Form a wavelet packet feature vector by decomposing each time series down to level three using the 'fk6' wavelet with an undecimated wavelet packet transform. This results in 8 subbands with an approximate width of 1/16 cycles/sample. Use the relative energy in each subband to create a feature vector. As an example, obtain a wavelet packet relative energy feature vector for the first earthquake recording.

[wpt,~,F,E,RE] = modwpt(EarthQuakeExplosionData(:,1),3,'fk6');

RE contains the relative energy in each of the 8 subbands. If you sum all the elements in RE, it is equal to 1. Note that this is a significant reduction in data. A time series of length 2048 is reduced to a vector with 8 elements, each element representing the relative energy in the wavelet packet nodes at level 3. The helper function helperEarthQuakeExplosionClassifier obtains the relative energies for each of the 16 recordings at level 3 using the 'fk6' wavelet. This results in a 16-by-8 matrix and uses these feature vectors as inputs to a kmeans classifier. The classifier uses the Gap statistic criterion to determine the optimal number of clusters for the feature vectors between 1 and 6 and classifies each vector. Additionally, the classifier performs the exact same classification on the undecimated wavelet transform coefficients at level 3 obtained with the 'fk6' wavelet and power spectra for each of the time series. The undecimated wavelet transform results in a 16-by-4 matrix (3 wavelet subbands and 1 scaling subband). The power spectra result in a 16-by-1025 matrix. The source code for helperEarthQuakeExplosionClassifier is listed in the appendix. You must have Statistics and Machine Learning Toolbox™ and Signal Processing Toolbox™ to run the classifier.

Level = 3;
[WavPacketCluster,WtCluster,PspecCluster] = ...
helperEarthQuakeExplosionClassifier(EarthQuakeExplosionData,Level)

WavPacketCluster = 
  GapEvaluation with properties:

    NumObservations: 16
         InspectedK: [1 2 3 4 5 6]
    CriterionValues: [-0.0039 0.0779 0.1314 0.0862 0.0296 -0.0096]
           OptimalK: 2

WtCluster = 
  GapEvaluation with properties:

    NumObservations: 16
         InspectedK: [1 2 3 4 5 6]
    CriterionValues: [-0.0095 0.0474 0.0706 0.0260 -0.0280 -0.0346]
           OptimalK: 2

PspecCluster = 
  GapEvaluation with properties:

    NumObservations: 16
         InspectedK: [1 2 3 4 5 6]
    CriterionValues: [0.3804 0.3574 0.3466 0.2879 0.3256 0.3326]
           OptimalK: 1

WavPacketCluster is the clustering output for the undecimated wavelet packet feature vectors. WtCluster is the clustering output using the undecimated DWT feature vectors, and PspecCluster is the output for the clustering based on the power spectra. The wavelet packet classification has identified two clusters (OptimalK: 2) as the optimal number. Examine the results of the wavelet packet clustering.
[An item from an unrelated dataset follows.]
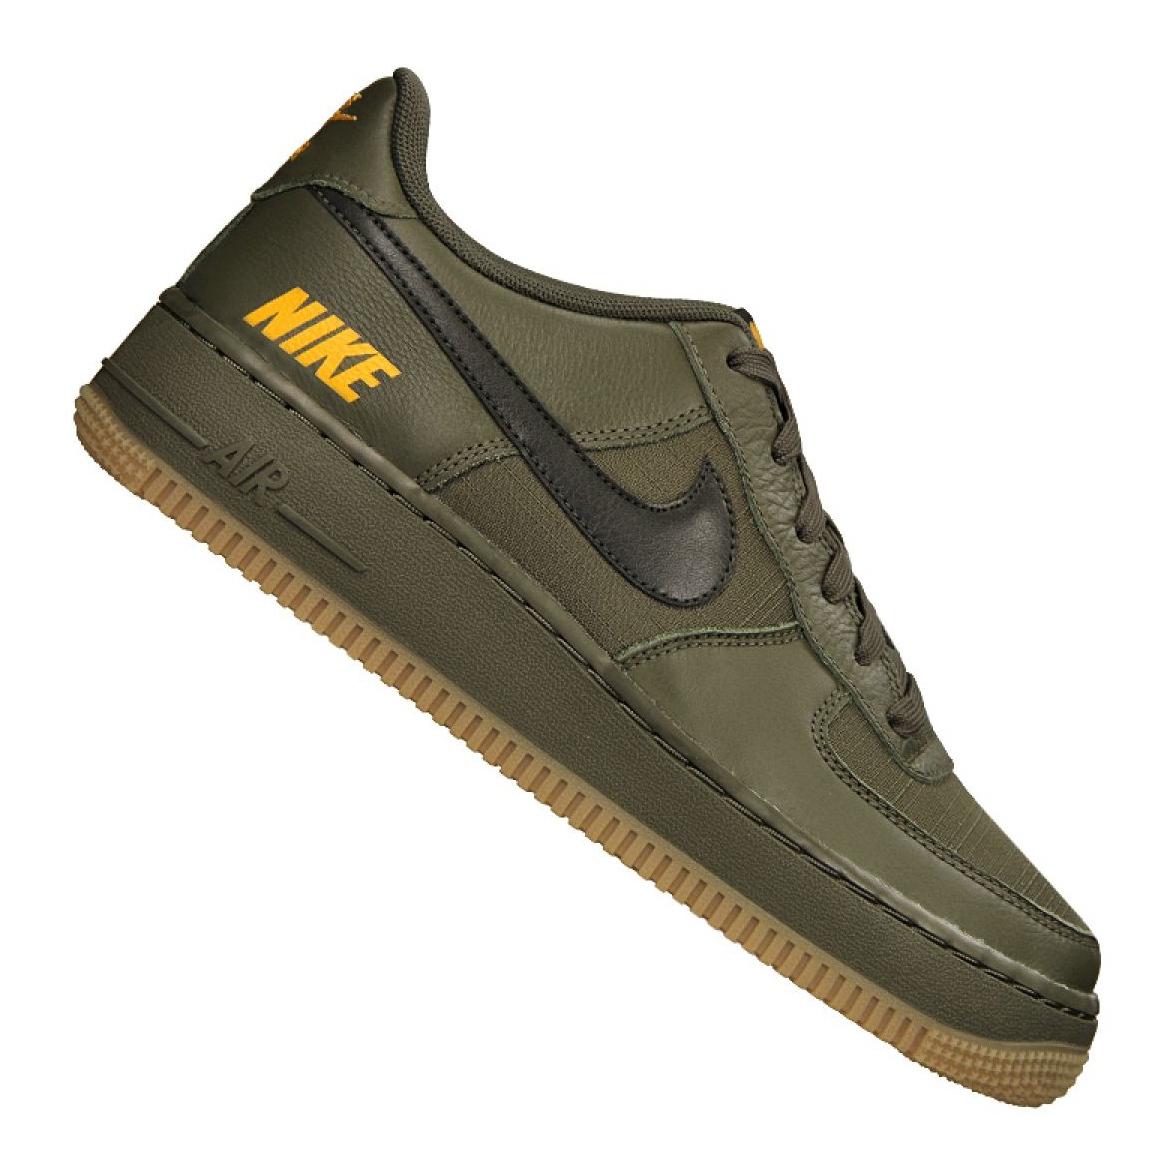 Sapatilhas Nike Air Force 1 LV8 5 (GS) Jr CQ4215 200 verde
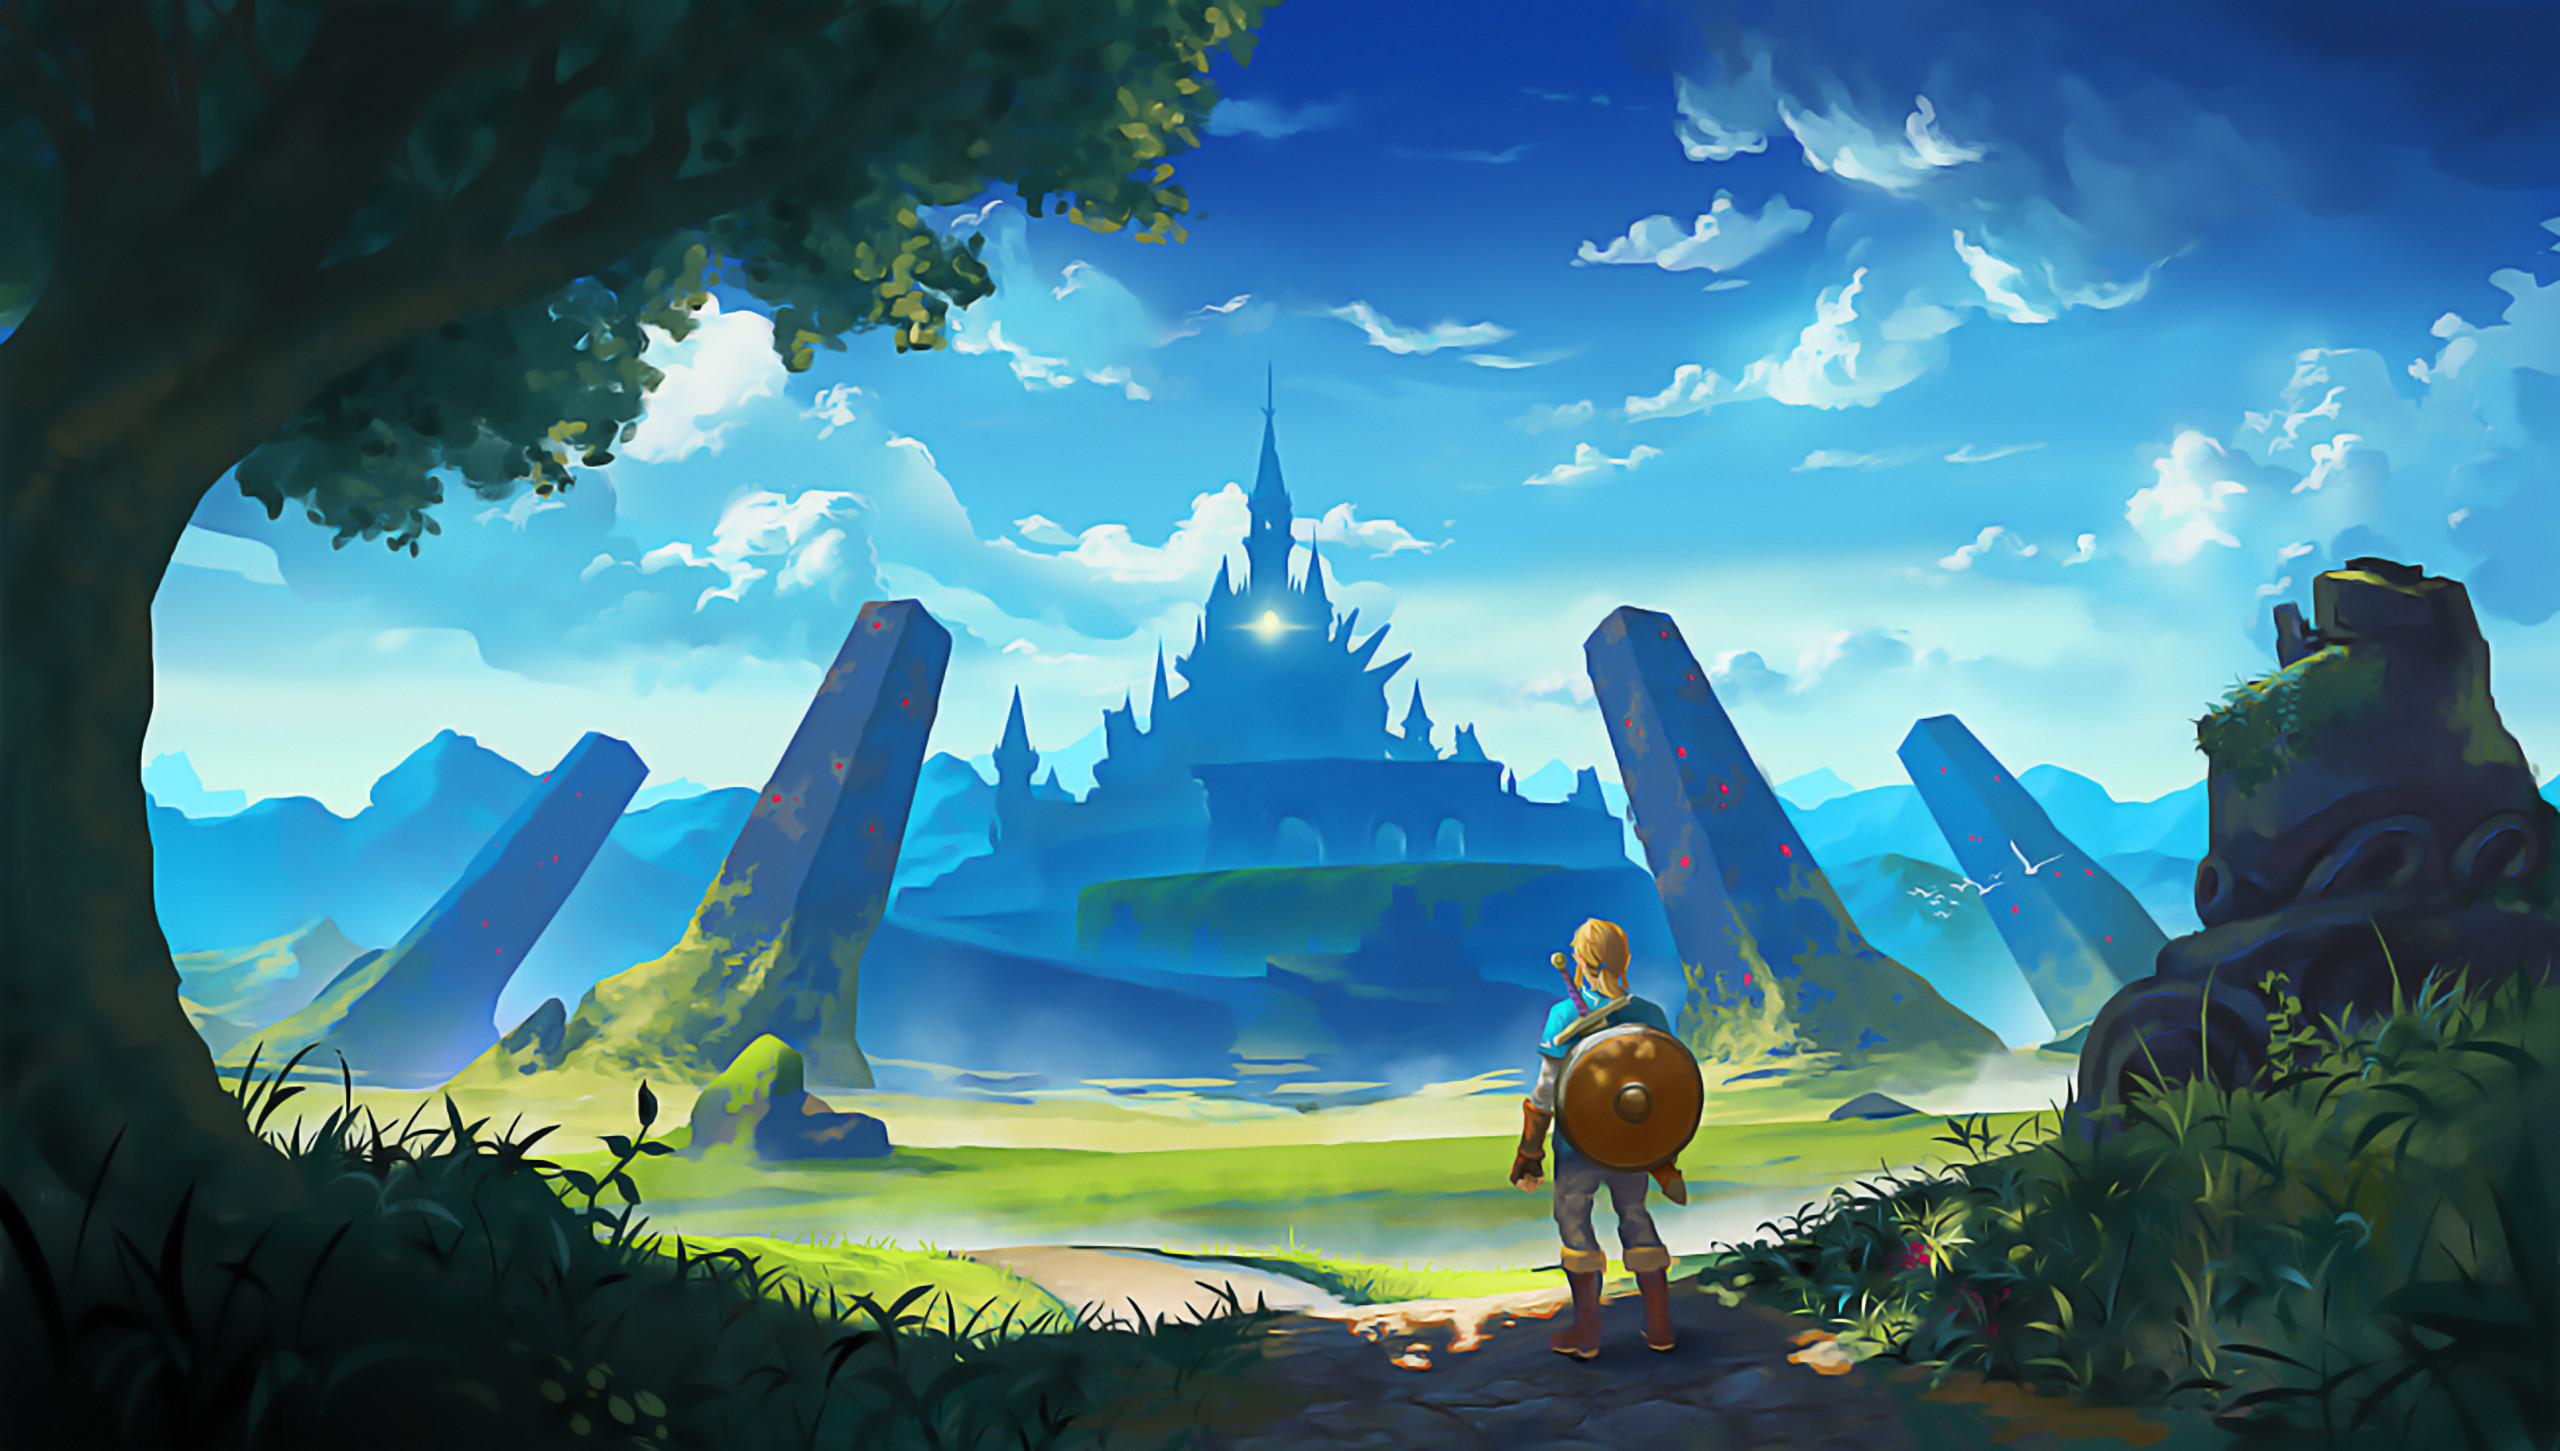 Legend of Zelda HD Wallpaper (82+ images)

res = [ WavPacketCluster.OptimalY(1:8)' ; WavPacketCluster.OptimalY(9:end)']

res = 2×8

     1     2     2     2     2     2     2     2
     1     1     1     1     1     1     1     2

You see that only two errors have been made. Of the eight earthquake recordings, seven are classified together (group 2) and one is mistakenly classified as belonging to group 1. The same is true of the 8 explosion recordings -- 7 are classified together and 1 is misclassified. Classifications based on the level-three undecimated DWT and power spectra return one cluster as the optimal solution.

If you repeat the above with the level equal to 4, the undecimated wavelet transform and wavelet packet transform perform identically. Both identify two clusters as optimal, and both misclassify the first and last time series as belonging to the other group.

Conclusions

In this example, you learned how the wavelet packet transform differs from the discrete wavelet transform. Specifically, the wavelet packet tree also filters the wavelet (detail) coefficients, while the wavelet transform only iterates on the scaling (approximation) coefficients.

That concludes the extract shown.